If you want to hide latency, you need more accurate branch prediction, prefetching, deeper out-of-order execution, speculative execution, more non-overlapping execution units, etc. and that is how we end up with Intel supposedly ditching SMT in its future CPUs.

bit_user · Aug 1, 2023

InvalidError said:
You don't use SMT to hide latency since SMT increases it, makes it more unpredictable and therefore more difficult to hide.

In this 2001 paper, they talk about it hiding latency of the functional units:

"Since decoupling features an excellent memory latency hiding efficiency, the large amount of parallelism exploited by multithreading may be used to hide the latency of functional units and keep them fully utilized."

Improving latency tolerance of multithreading through decoupling

The increasing hardware complexity of dynamically scheduled superscalar processors may compromise the scalability of this organization to make an efficient use of future increases in transistor budget. SMT processors, designed over a superscalar core, are therefore directly concerned by this...

ieeexplore.ieee.org

It's also described this way, in this Advanced Computer Architecture lecture, from Imperial College London:

SMT threads exploit memory-system parallelism

Easy way to get lots of memory accesses in-flight
“Latency hiding” – overlapping data access with compute

https://www.doc.ic.ac.uk/~phjk/AdvancedCompArchitecture/Lectures/pdfs/Ch07-Multithreading.pdf

And this paper from ACM's International Conference on Parallel Architecture and Compilation Techniques:

"Network processors employ a multithreaded, chip-multiprocessing architecture to effectively hide memory latency and deliver high performance for packet processing applications."

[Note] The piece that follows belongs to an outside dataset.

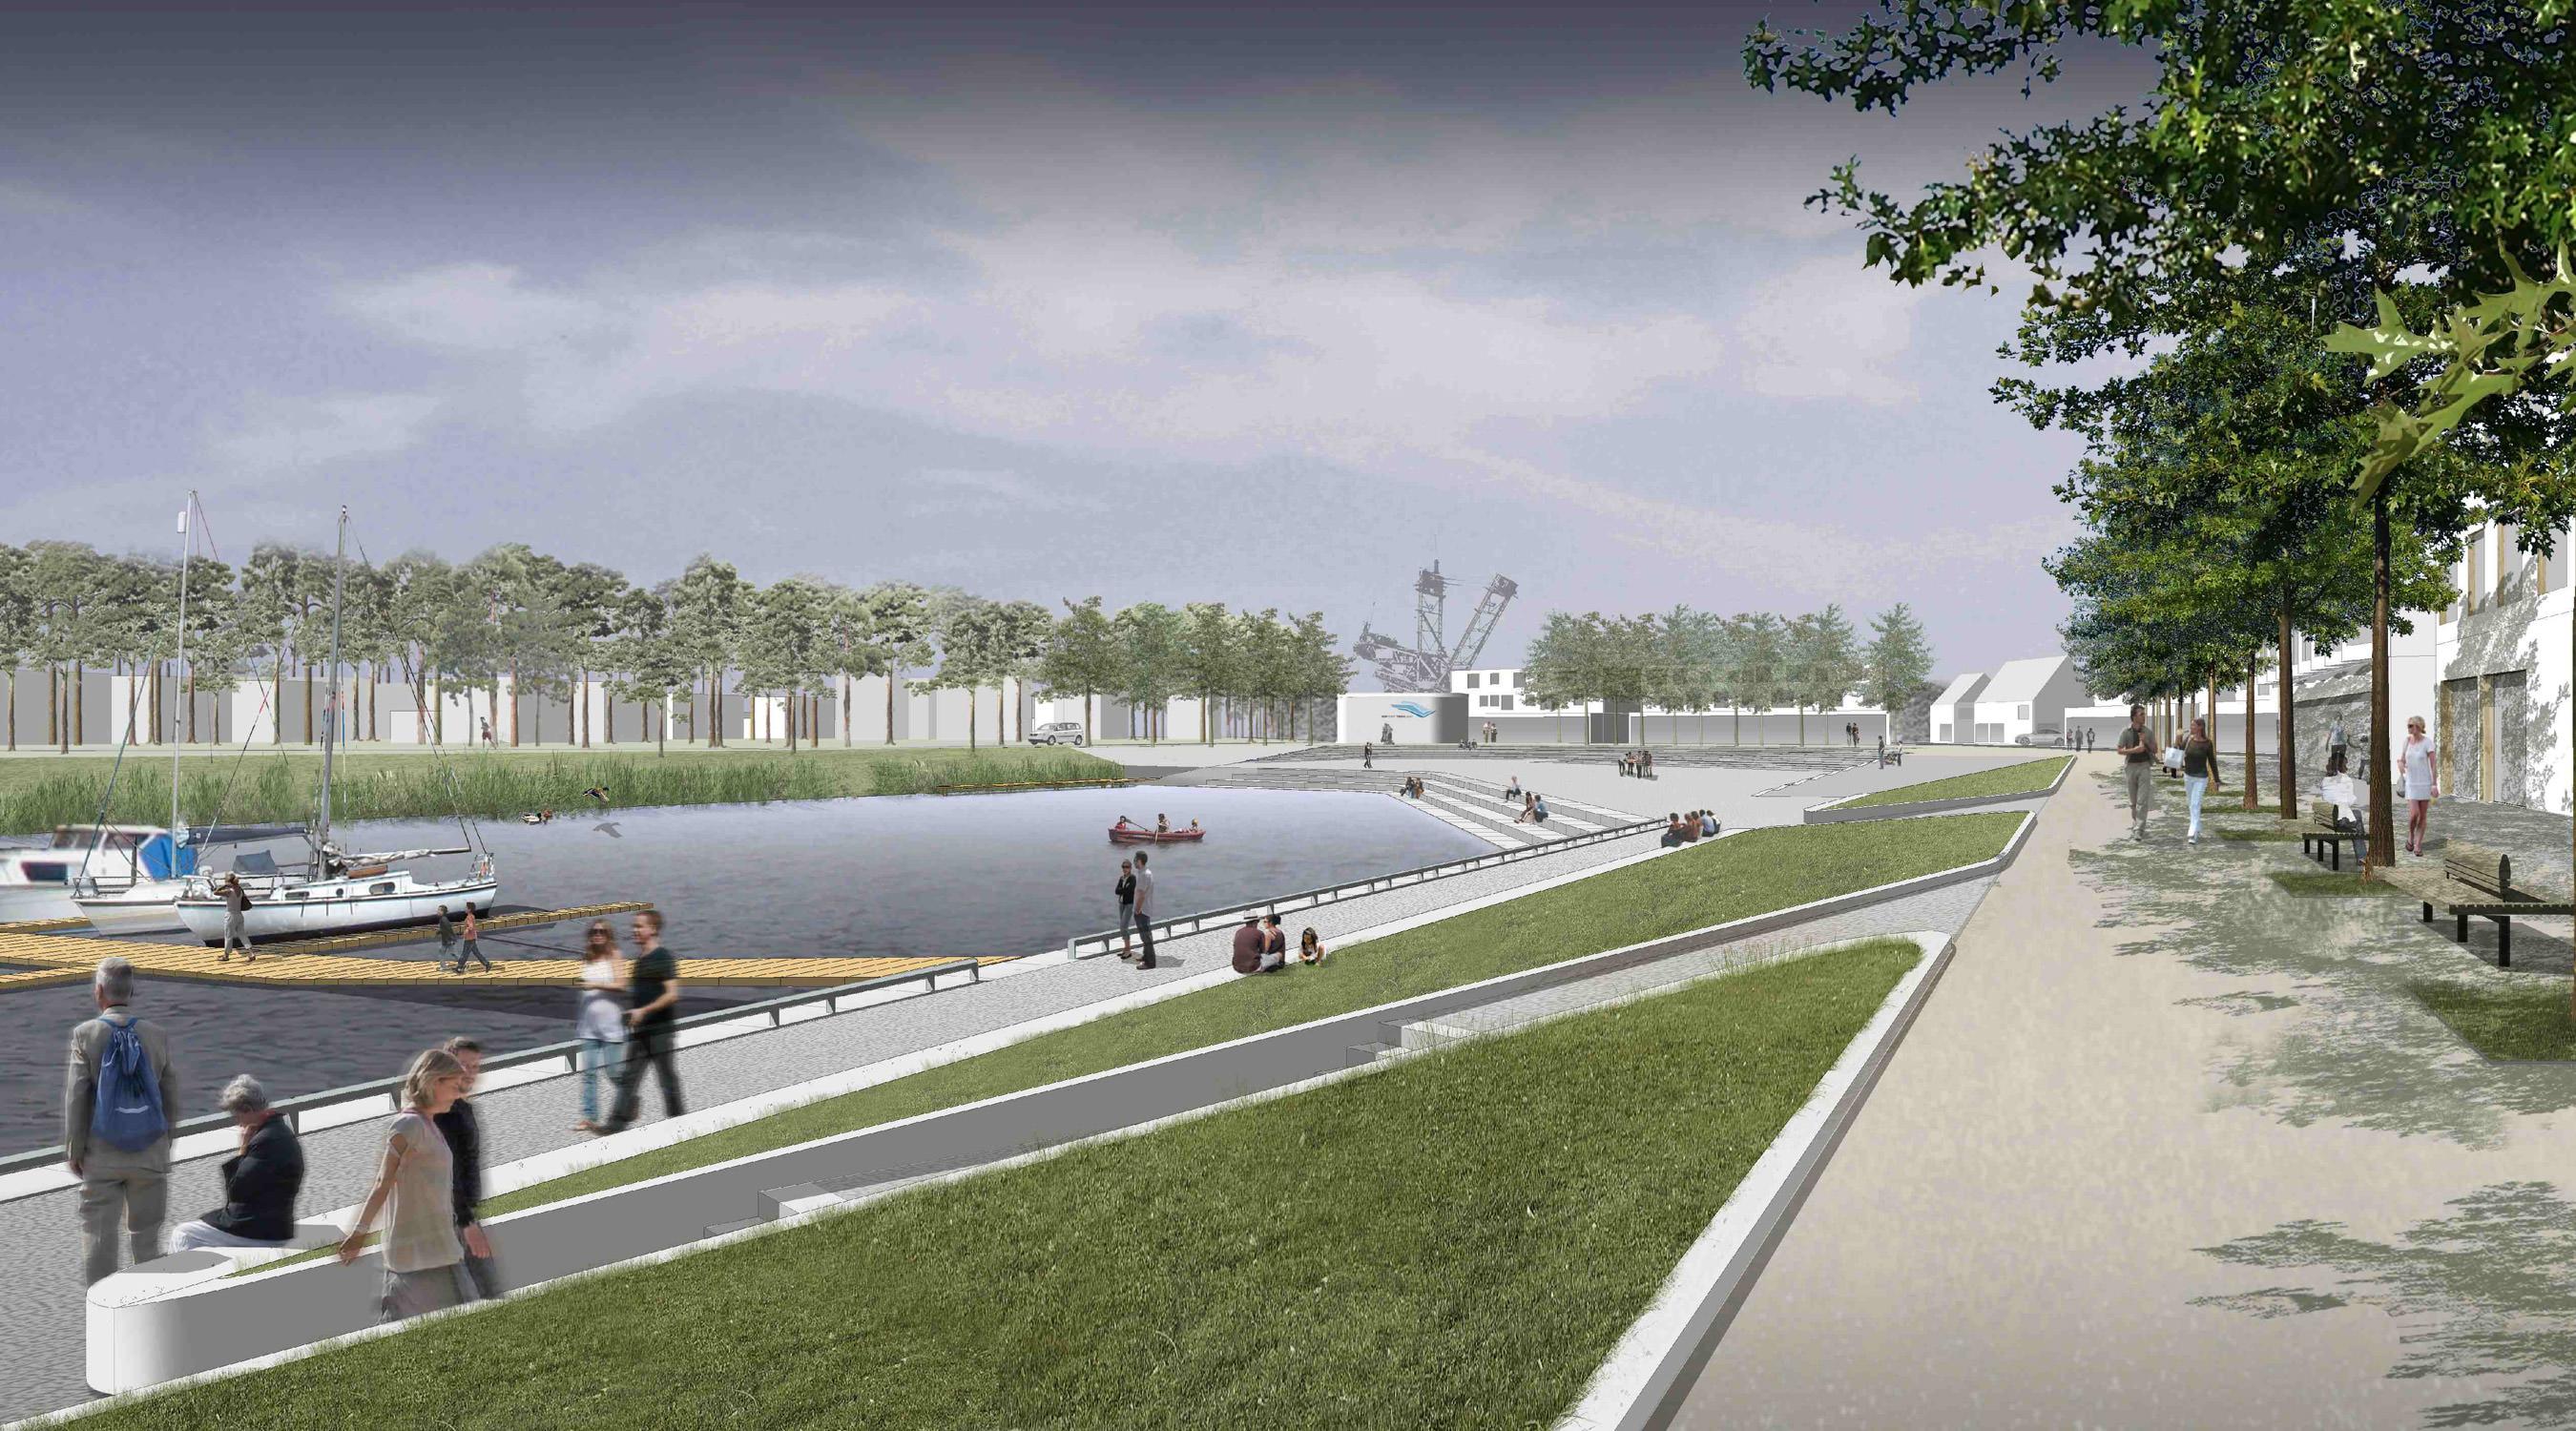 Seehafen Teichland Promenade

Latency Hiding in Multi-Threading and Multi-Processing of Network Applications | Proceedings of the 16th International Conference on Parallel Architecture and Compilation Techniques

dl.acm.org

I could go on, but you get the point. You're obviously entitled to your opinion, but I'm with the experts on this one.

You and @palladin9479 talk about how the parallel nature of GPU workloads "doesn't care about latency", but SMT is the primary mechanism which enables that decoupling. Otherwise, the shader cores would be mostly idle and performance would be like garbage, compared with what we have today.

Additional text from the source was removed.